BEGIN
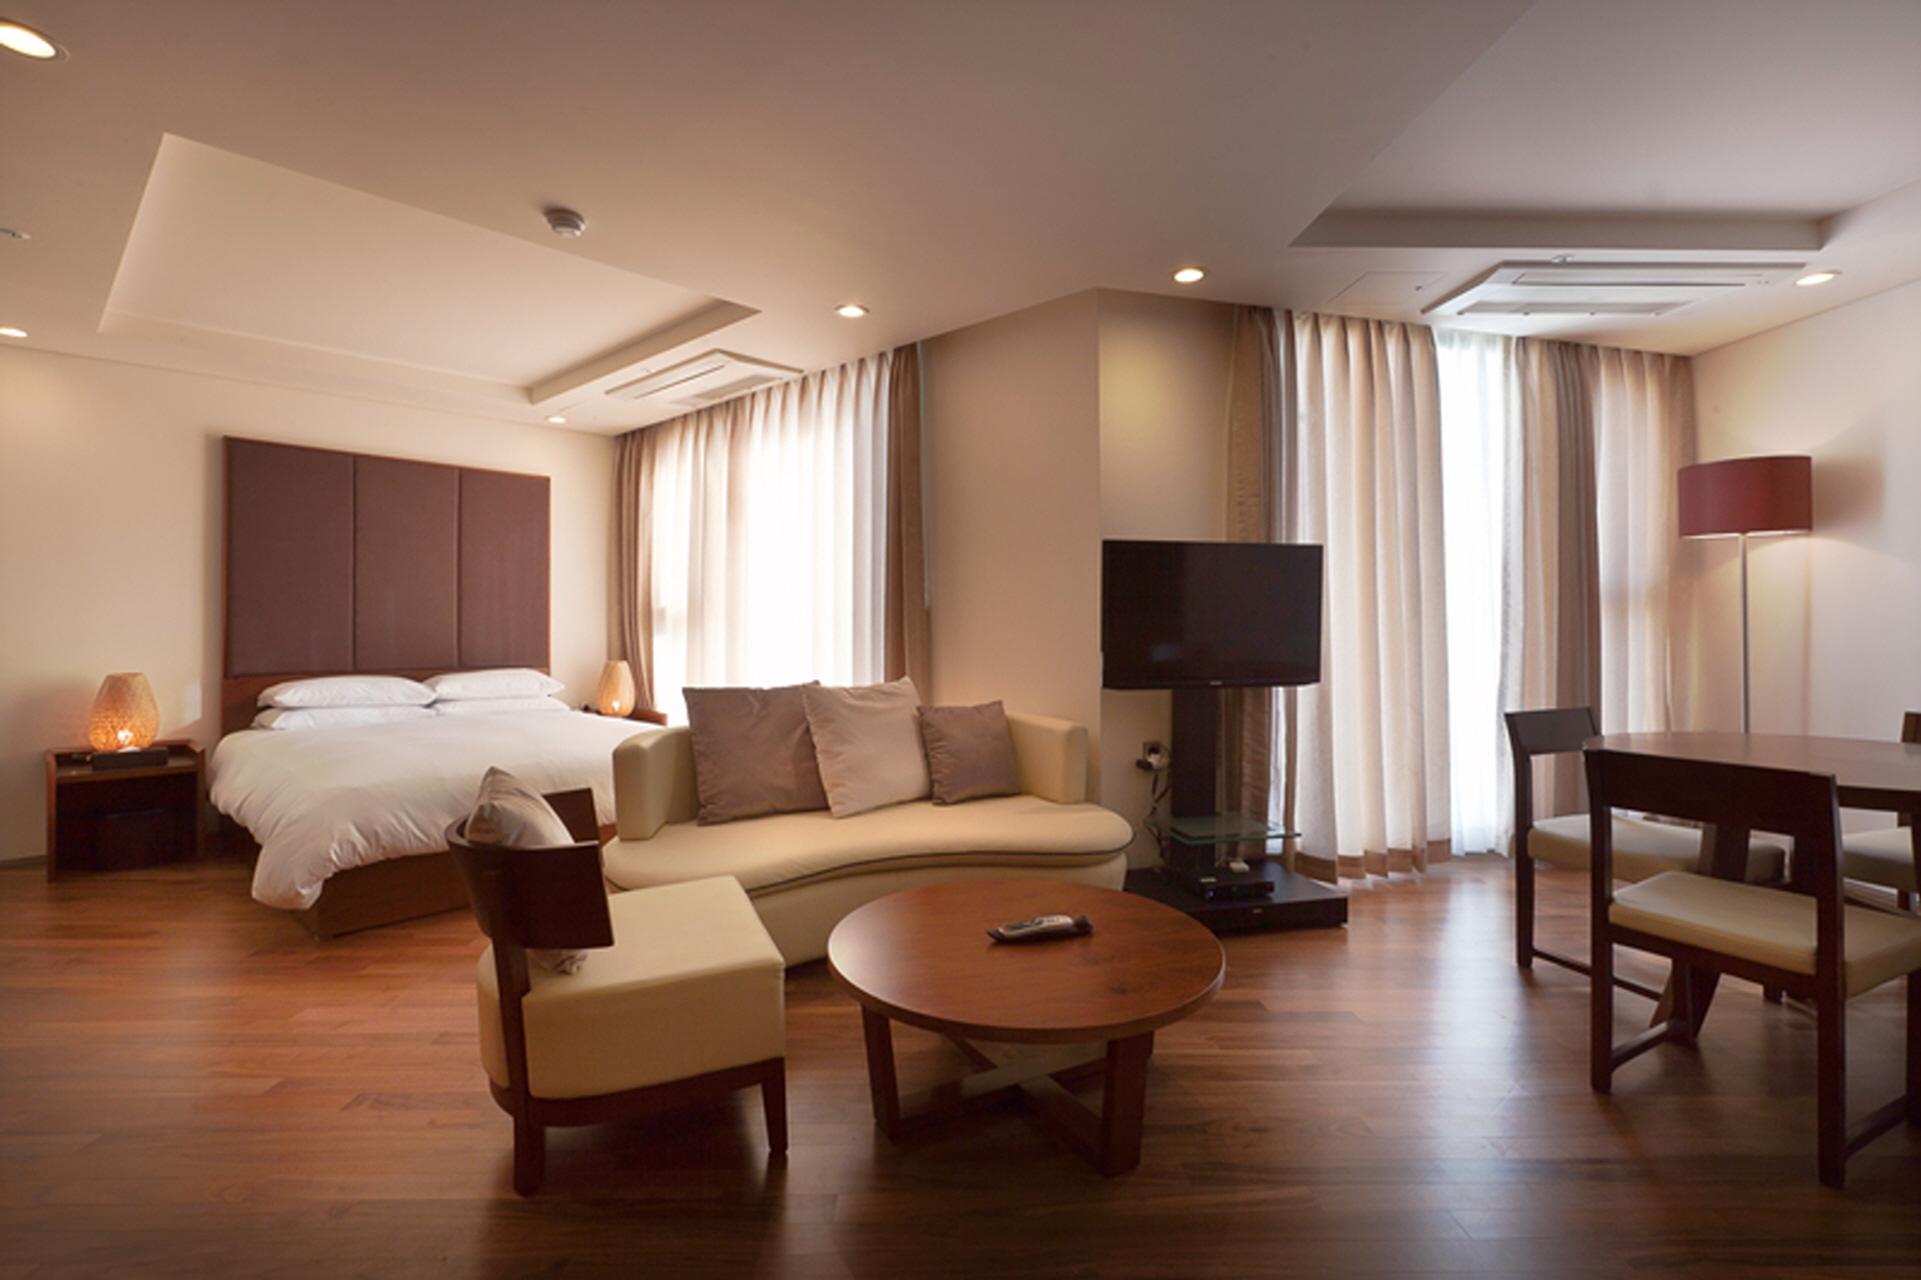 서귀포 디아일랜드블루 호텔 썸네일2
END
BEGIN
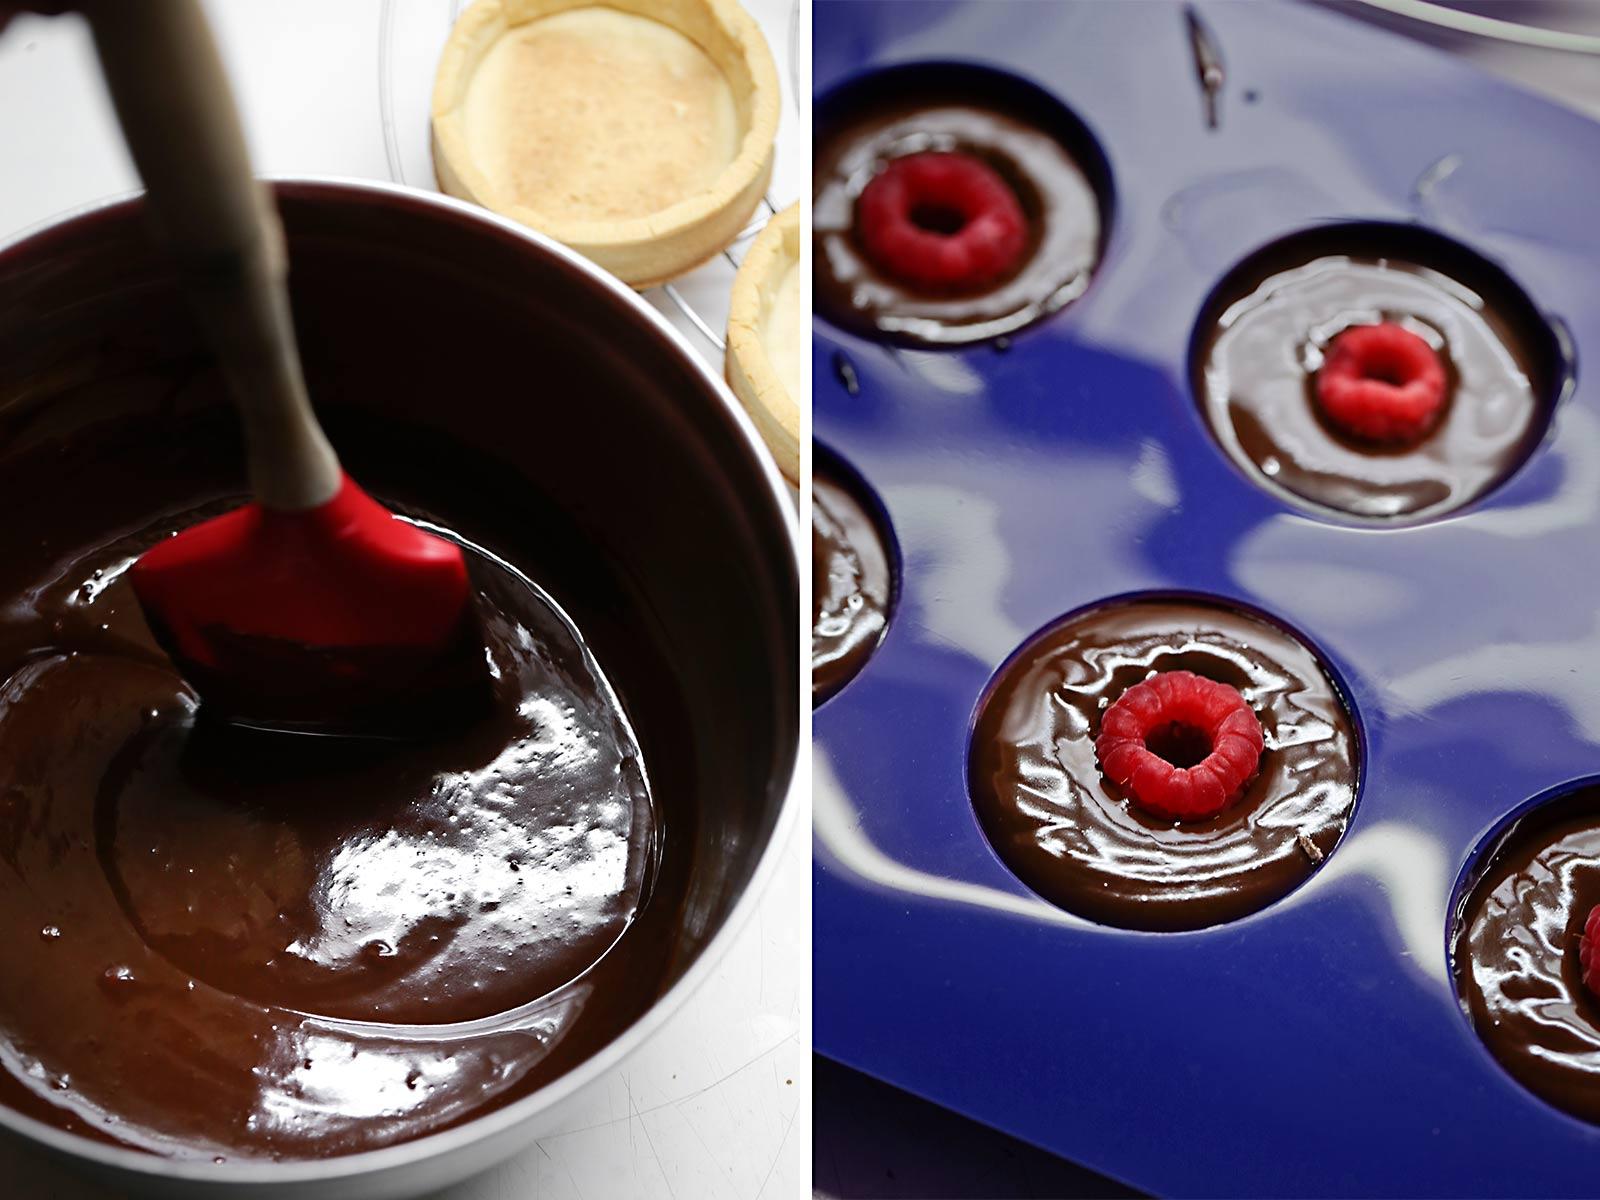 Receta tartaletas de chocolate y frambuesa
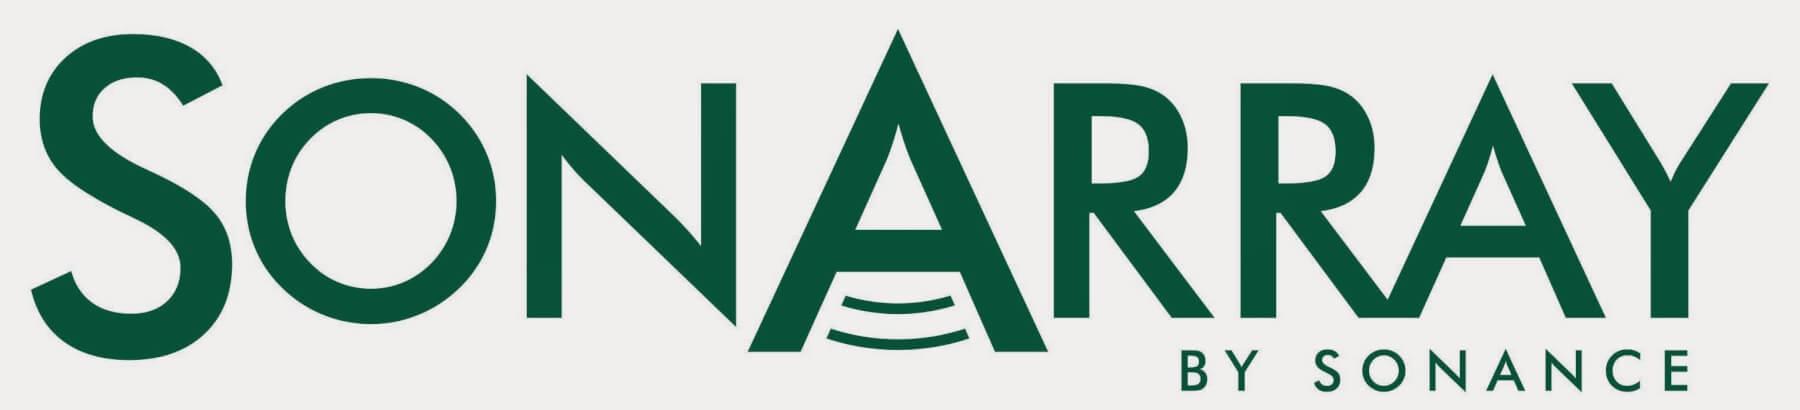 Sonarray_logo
END
◆ Exercise objective: Among the entries above, take the lines from the one with "Receta tartaletas de chocolate y frambuesa" through the one with "Sonarray_logo" and retype them exactly, leaving out the pictures.

◆ Reply to the task:
 Receta tartaletas de chocolate y frambuesa
 Sonarray_logo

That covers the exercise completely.